これほどのスピードとなると、エネルギー消費がハンパではない。

高速で走るには、速度の3乗に比例するパワーが必要だ。陸上選手は短距離走で2.2kWを消費するといわれる。これが555と同じ体格(186cm・91kg)で100mを10秒で走る選手の値だとすると、100mを5.8秒で走る555のスピードは、その1.724倍。すると2.2kW×5.124(1.724の3乗)=11.3kWを消費するわけだ。

これがアクセルモードになると、さらに1000の3乗=10億倍で、113億kW! エヴァンゲリオンを250倍も上回ってしまう。わずか10秒とはいえ、強過ぎる。

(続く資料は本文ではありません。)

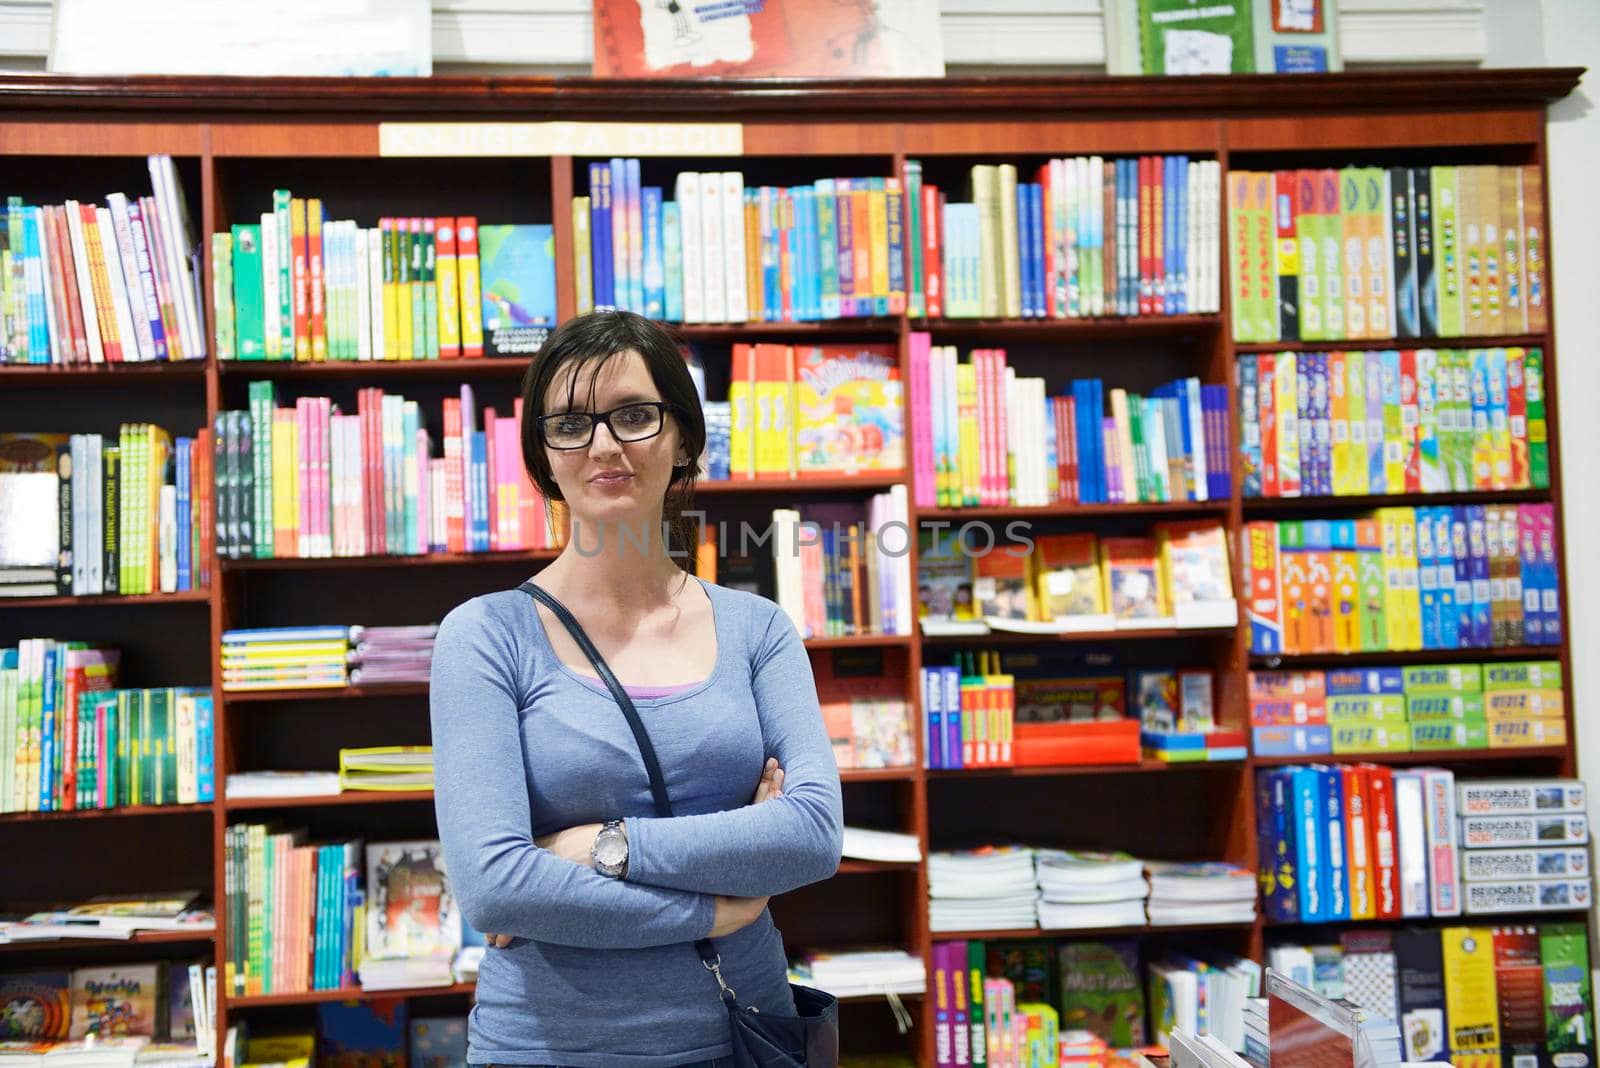 Pretty female student standing at bookshelf in university library store shop  searching for a book
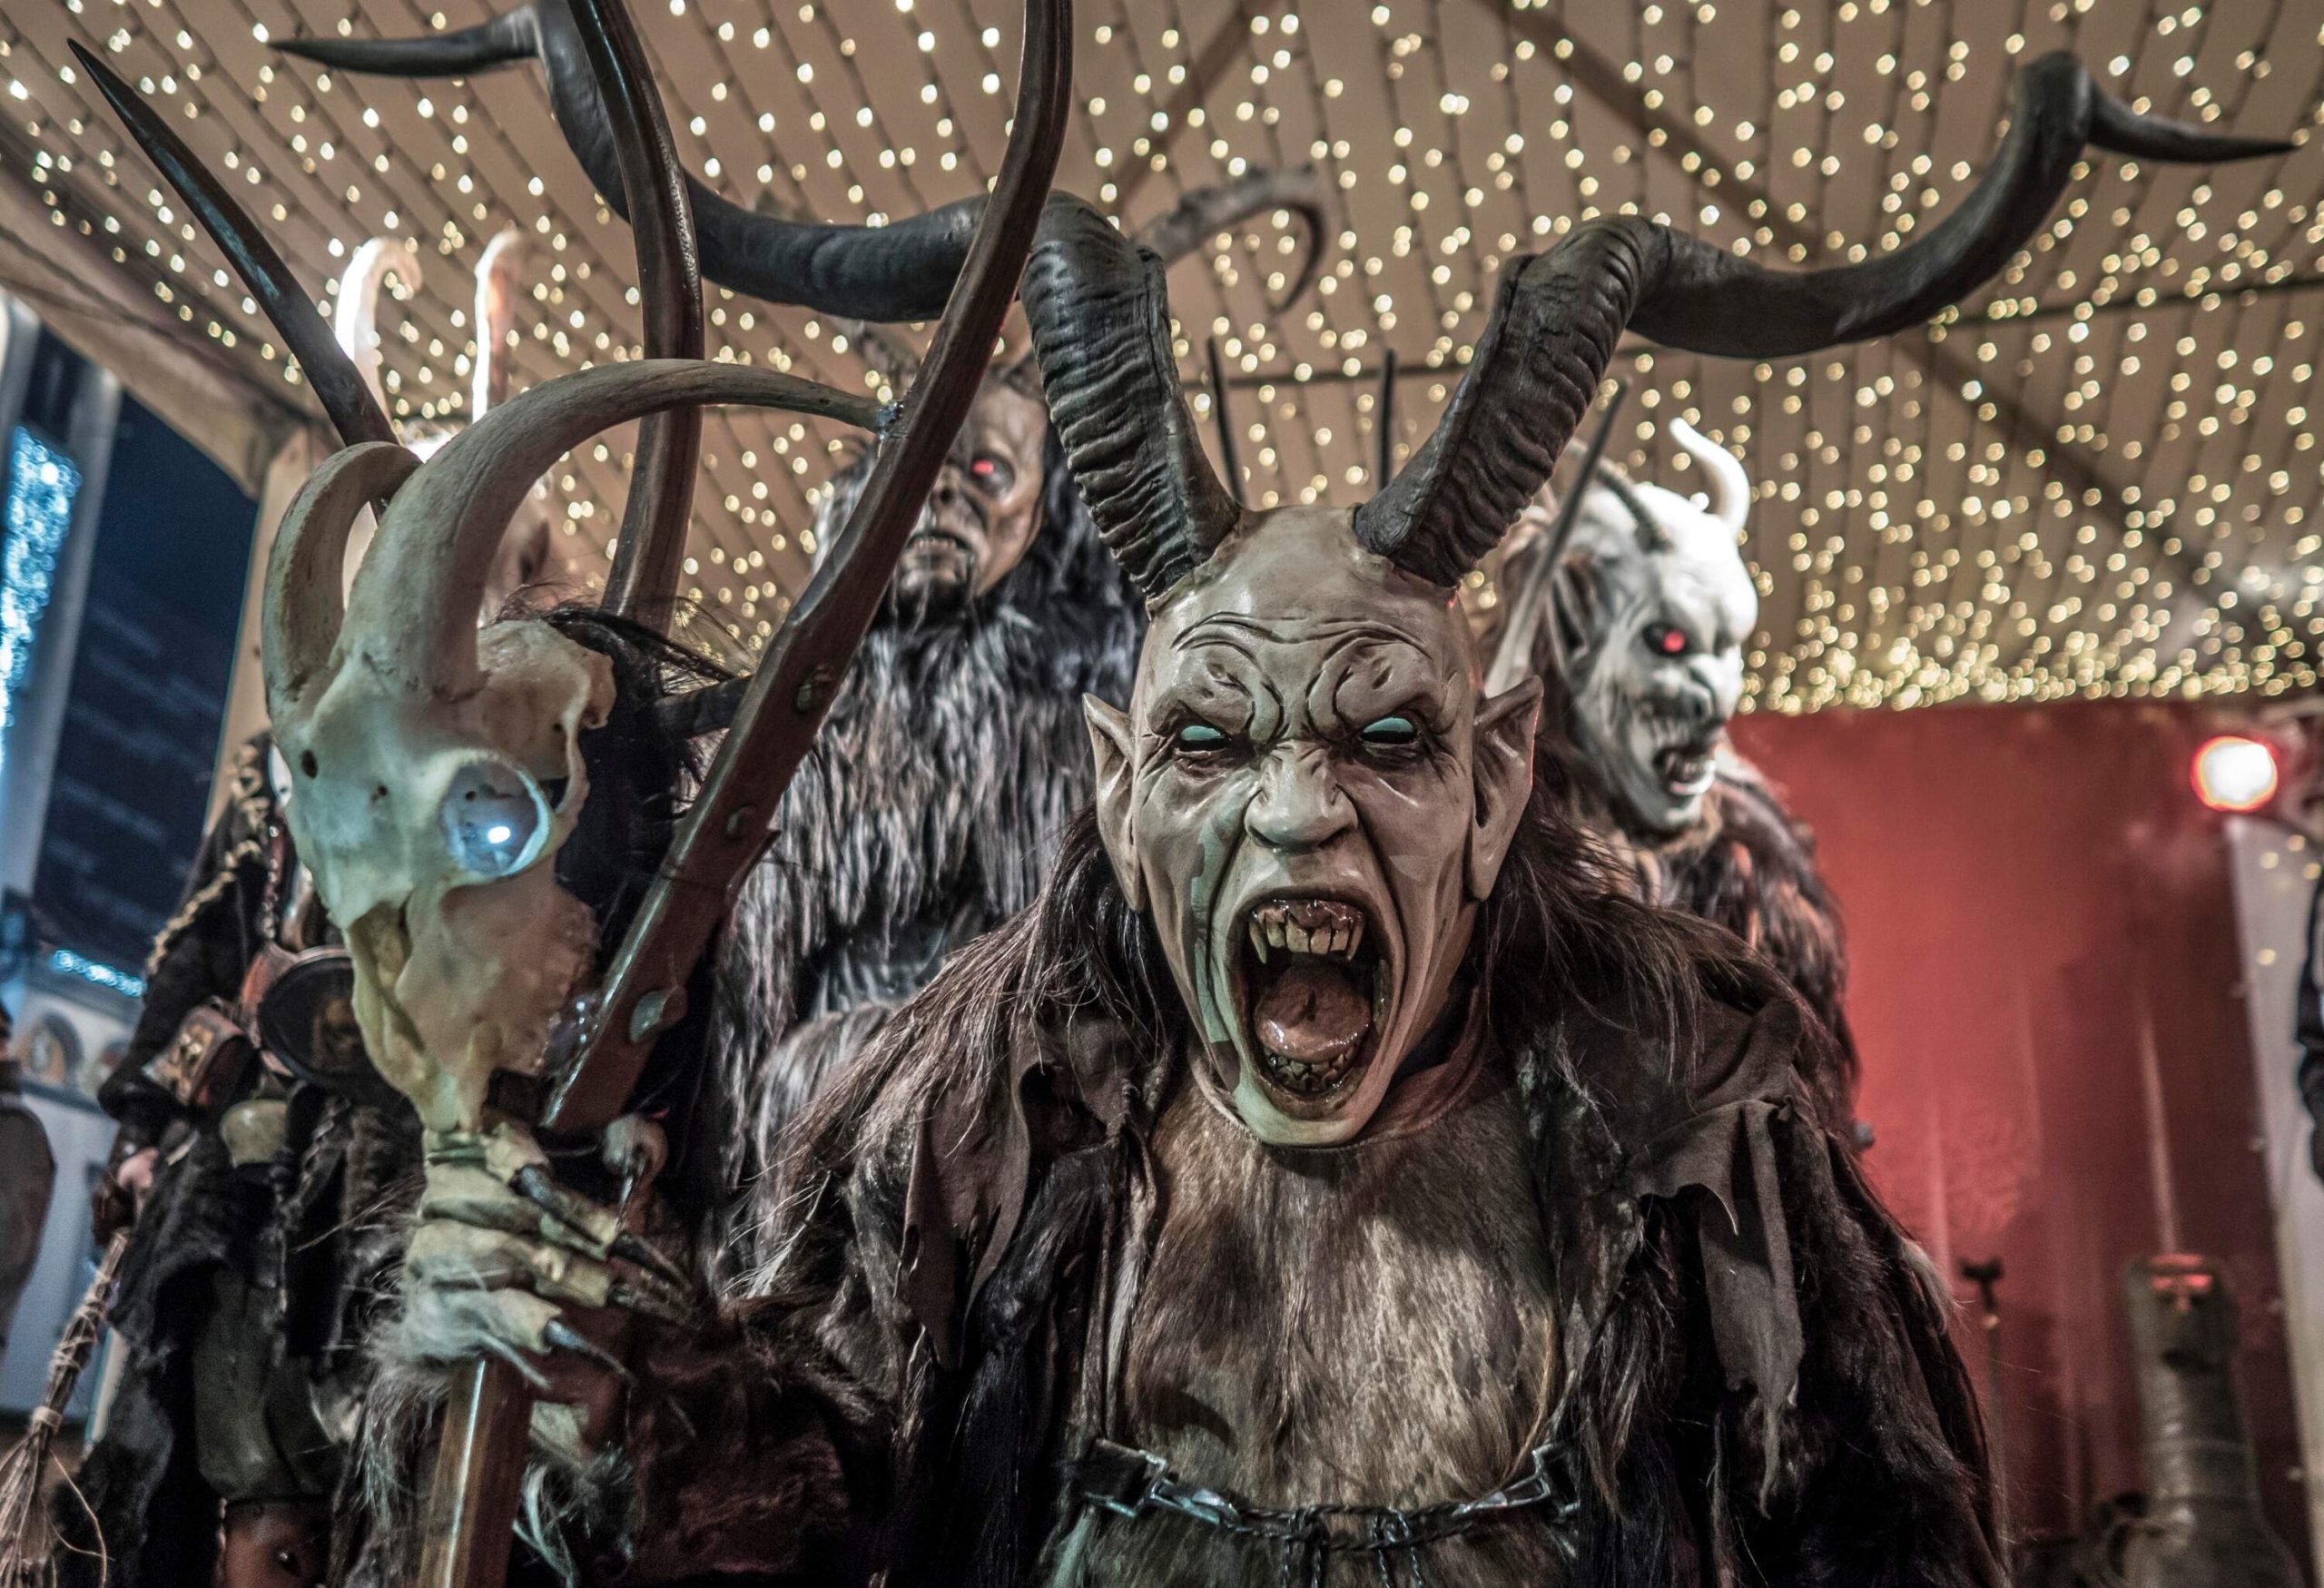 A statue of Krampus and other horned figures under a canopy of string lights.

エネルギー量が異次元!1500万℃の炎を放つ死神の長

エネルギーという点で、さらに驚愕するのは、『BLEACH』(平成13~28年※マンガ版)の山本元柳斎重國。年齢は2000歳を超え、若い死神たちから「山じい」と慕われている。

『BLEACH』に登場する死神たちは「斬魄刀(ざんぱくとう)」という刀を持っていて、その能力を全て引き出すことを「卍解(ばんかい)」という。山じいの斬魄刀「流刃若火(りゅうじんじゃっか)」は卍解時の名前を「残火の太刀」といい、東西南北の4つの形態になる。その一つである“西”が「残日獄衣(ざんじつごくい)」。これが発動すると、山じいの体は1500万℃の炎に包まれ、相手を焼き焦がす!

山じいは「卍解した儂(わし)は その身と刃に太陽を纏っておるものと思え」と言っていたが、太陽の表面でさえ6000℃であり、1500万℃とは太陽の中心部の温度である! 科学的には「太陽にのみ込まれたものと思え」と言っていただきたかった。

そんな高温の炎を浴びたら、どうなるのか。

高温の物体が1秒間に放つエネルギーは、「表面積」と「温度の4乗」に比例する。炎の表面積は、マンガの描写からは分からないので、最低限の値を求める意味で、人体の表面積=1.6mで計算しよう。炎の表面積は、少なくともそれより広いはずだ。

ここで注意が必要なのは、「温度の4乗に比例」。数式もいろいろあるが、「4乗に比例」は珍しい。その温度が1500万℃もあったら、大変なことになる。

計算結果は460京kW(京=10の16乗)。

そのエネルギーをアラビア数字で表して、今回振り返ったキャラたちと比較すると、こうなる。

エヴァンゲリオン=46,000,000kW
日本の総発電力 =100,000,000kW
仮面ライダー555=11,300,000,000kW
山本元柳斎重國=4,600,000,000,000,000,000kW

マンガの描写から、山じいは3分ほど残日獄衣を放っていた模様。こんな熱を3分も放ち続けると、山じいを中心に半径25kmの地面が、まあるくお椀のように溶ける!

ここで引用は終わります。